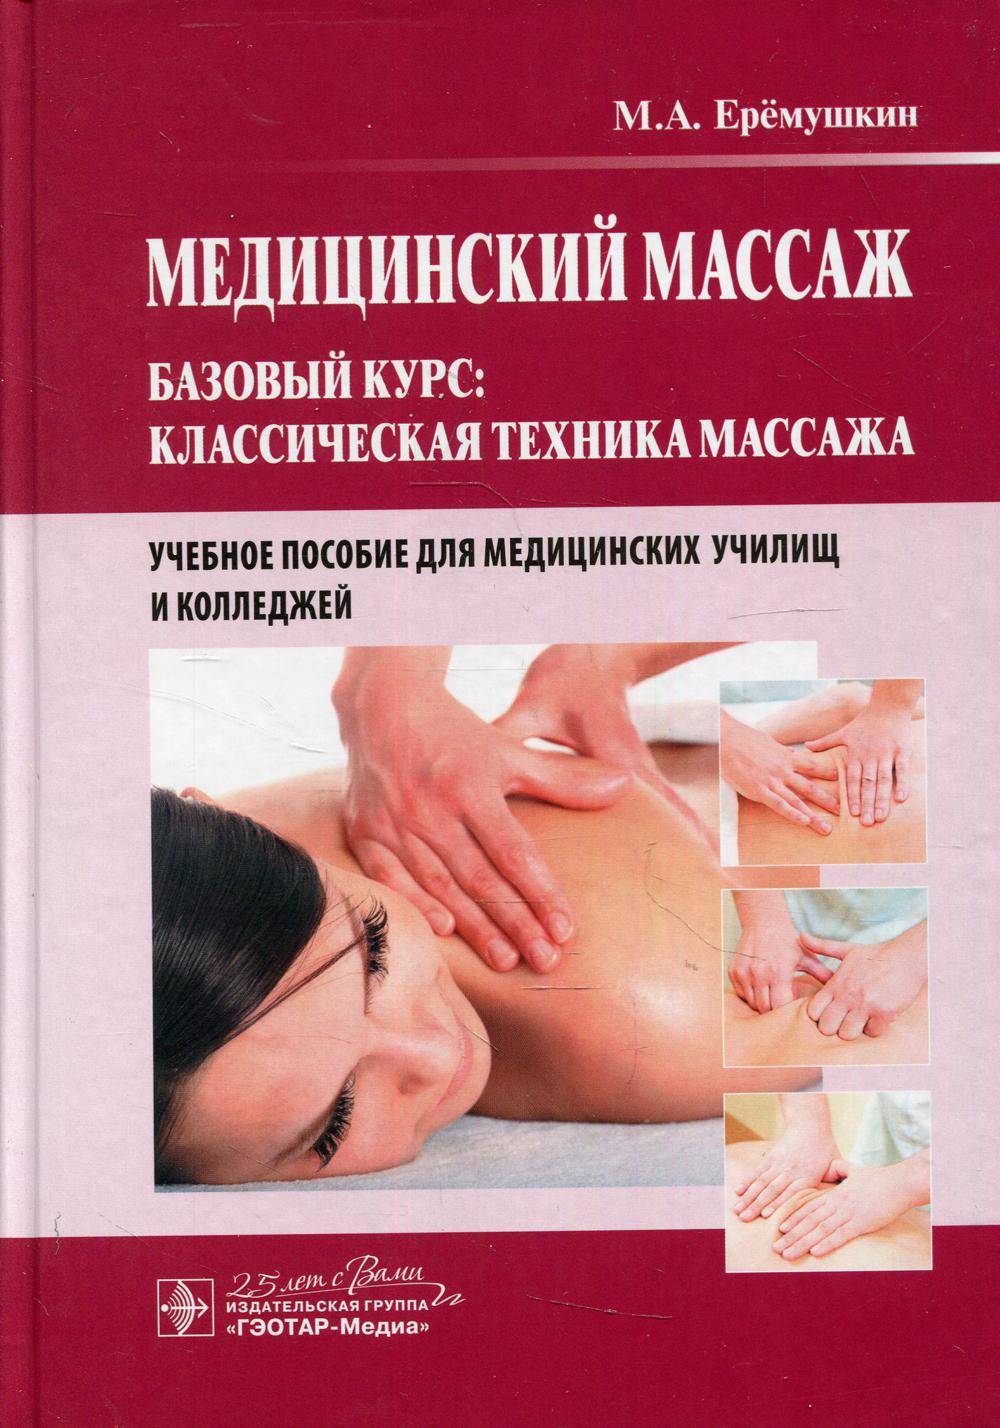 Медицинский массаж. Базовый курс: классическая техника массажа: Учебное пособие
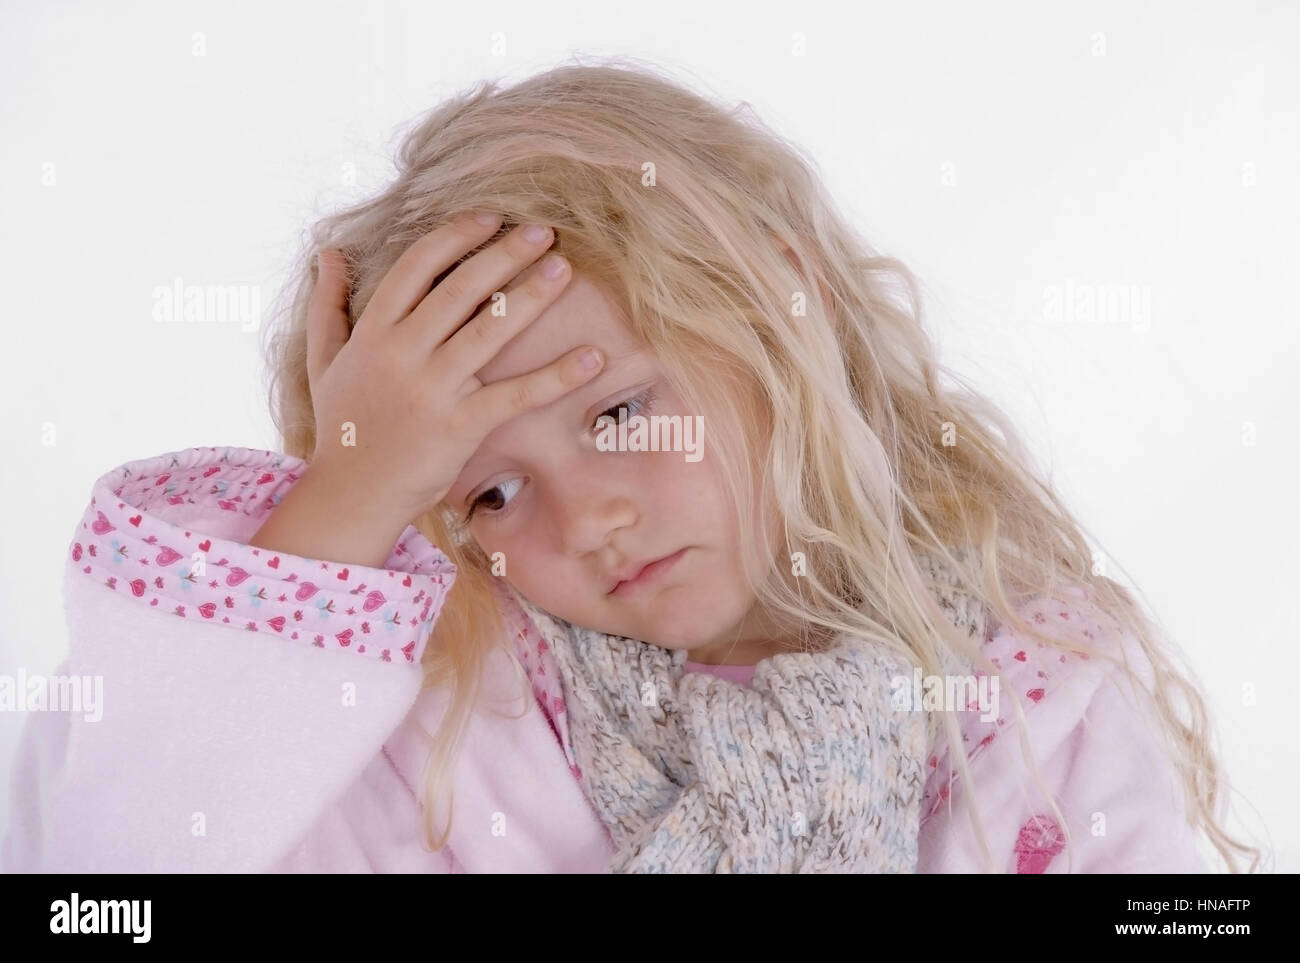 Maedchen, 6 Jahre, fuehlt sich nicht wohl - sick girl with headache Stock Photo
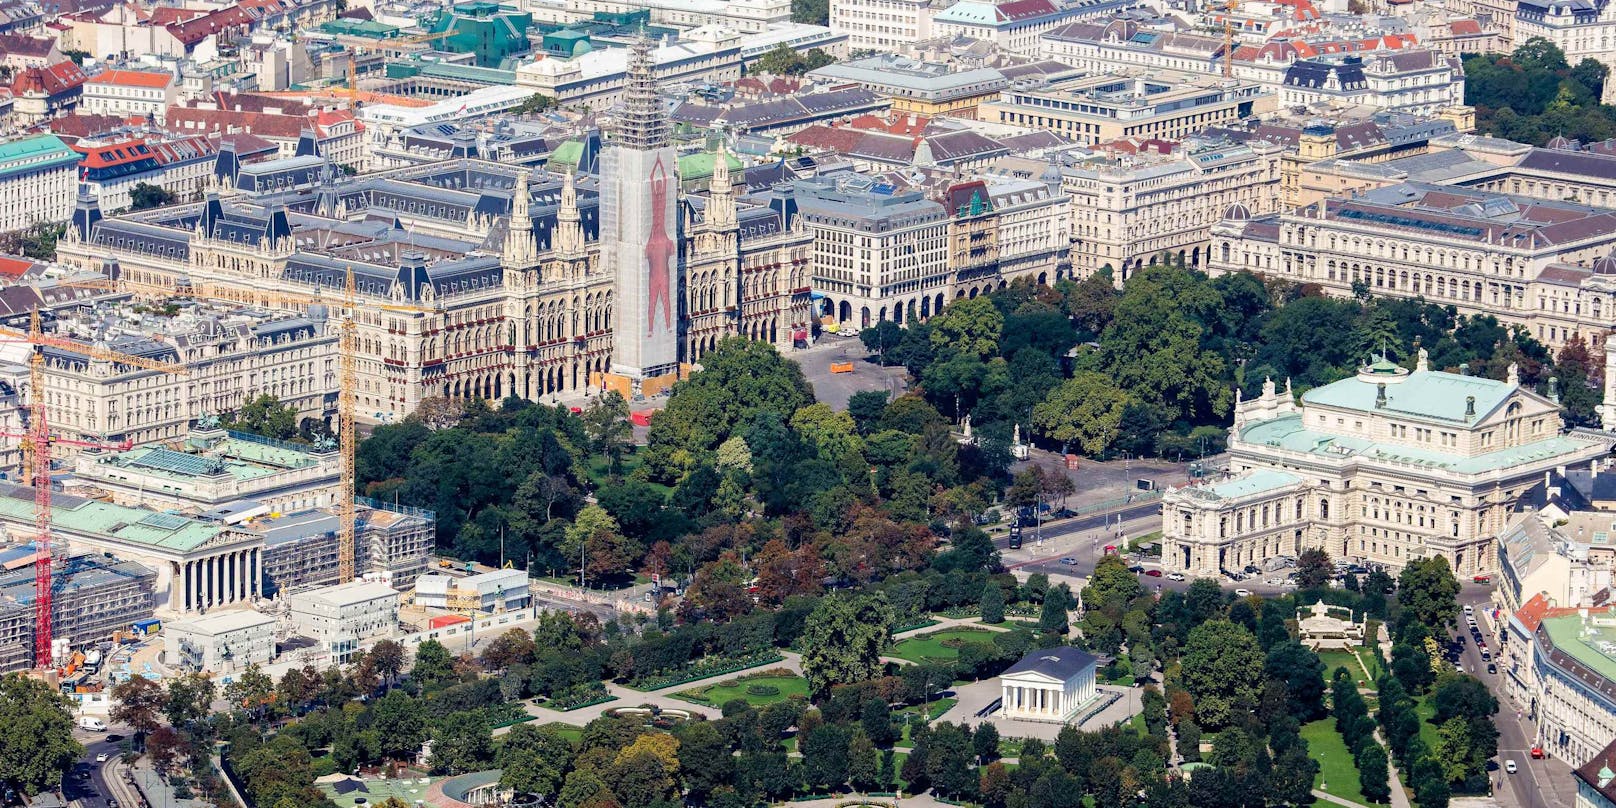 Blick auf das Rathaus, im Vordergrund das Burgtheater und der Volksgarten

Work to complete: Every line of the data above should be returned exactly, with the pictures removed.

Response below:
 Медицинский массаж. Базовый курс: классическая техника массажа: Учебное пособие
 Maedchen, 6 Jahre, fuehlt sich nicht wohl - sick girl with headache Stock Photo
 Blick auf das Rathaus, im Vordergrund das Burgtheater und der Volksgarten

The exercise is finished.